Ena strives to be an accurate scraper, but it isn't perfect.

Scraping mechanics

Though the bumped off/deleted detection should be better than Asagi in most cases, it still has flaws: (If absolute accuracy is required a HEAD request would have to be sent for each thread. For archived boards, archive.json could be polled instead.)

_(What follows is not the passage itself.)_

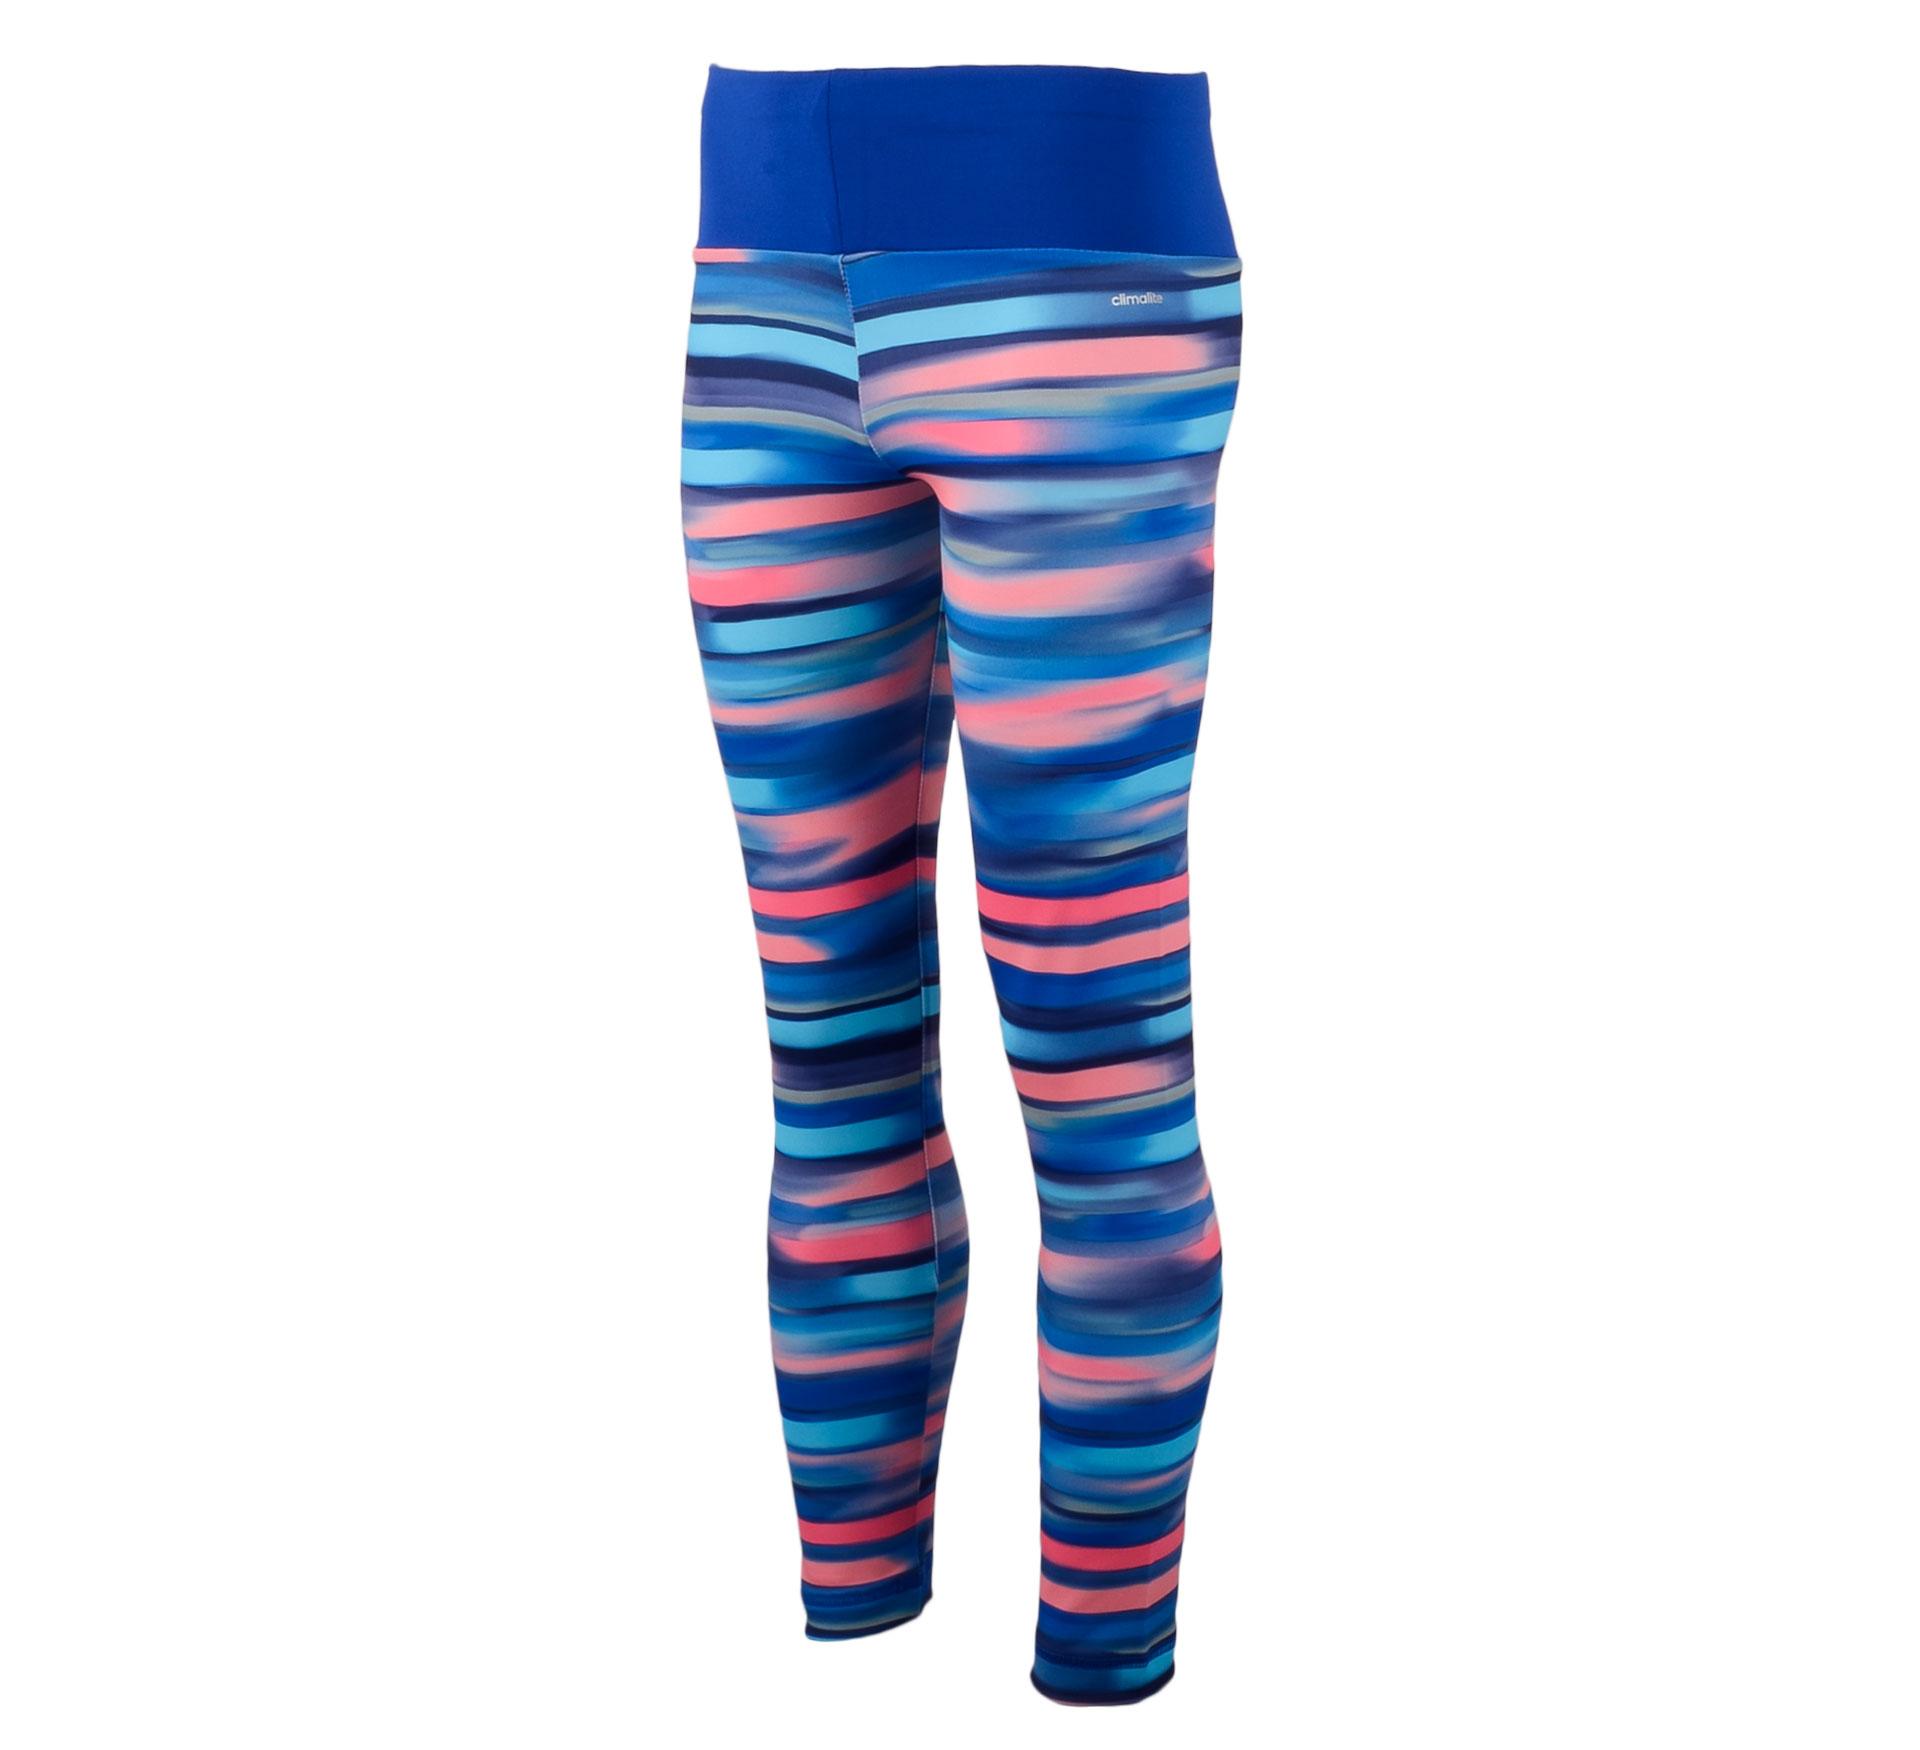 Adidas YG AIS Tight blauw - roze

  • If poll_interval is too long or the scraped board moves too quickly, deleted threads may not be marked as bumped off
  • If the last n threads from the catalog are deleted, modified, or bumped off, then those deleted threads will be marked as bumped off. In this way, it's technically possible for an entire board to be deleted and for every thread to be marked as bumped off (this could happen as a response to a raid)
  • If no anchor is found (every thread is new or modified), all removed threads are assumed to have been bumped off
  • Moved threads will be marked as deleted. This is because they disappear from a board just like a deleted thread would

Data loss

  • Threads and posts deleted on 4chan while Ena is stopped will not be marked as deleted when Ena restarts
  • If Ena crashes in the process of updating an archived thread, on restart the thread may be marked as "archived" even if the update never happened. Thus, changes between the last poll of the thread and the archival of it may be lost
  • Media are only downloaded the first time they or the post they are in is seen. This guards against duplicate media. But, if Ena crashes while media are queued to download, on restart they will not be requeued. Thus, those media never be downloaded
  • Ena is not smart enough to notice large amounts of errors (e.g. if there's a network failure). So, it will just retry requests until all attempts are used up and the request queues empty out. Again, a long enough outage could lose media

Legal

This program is licensed under the AGPLv3. See the LICENSE file for more information.

This program contains code from:

See the NOTICE file for more information.

This program is completely unofficial and not affiliated with 4chan in any way.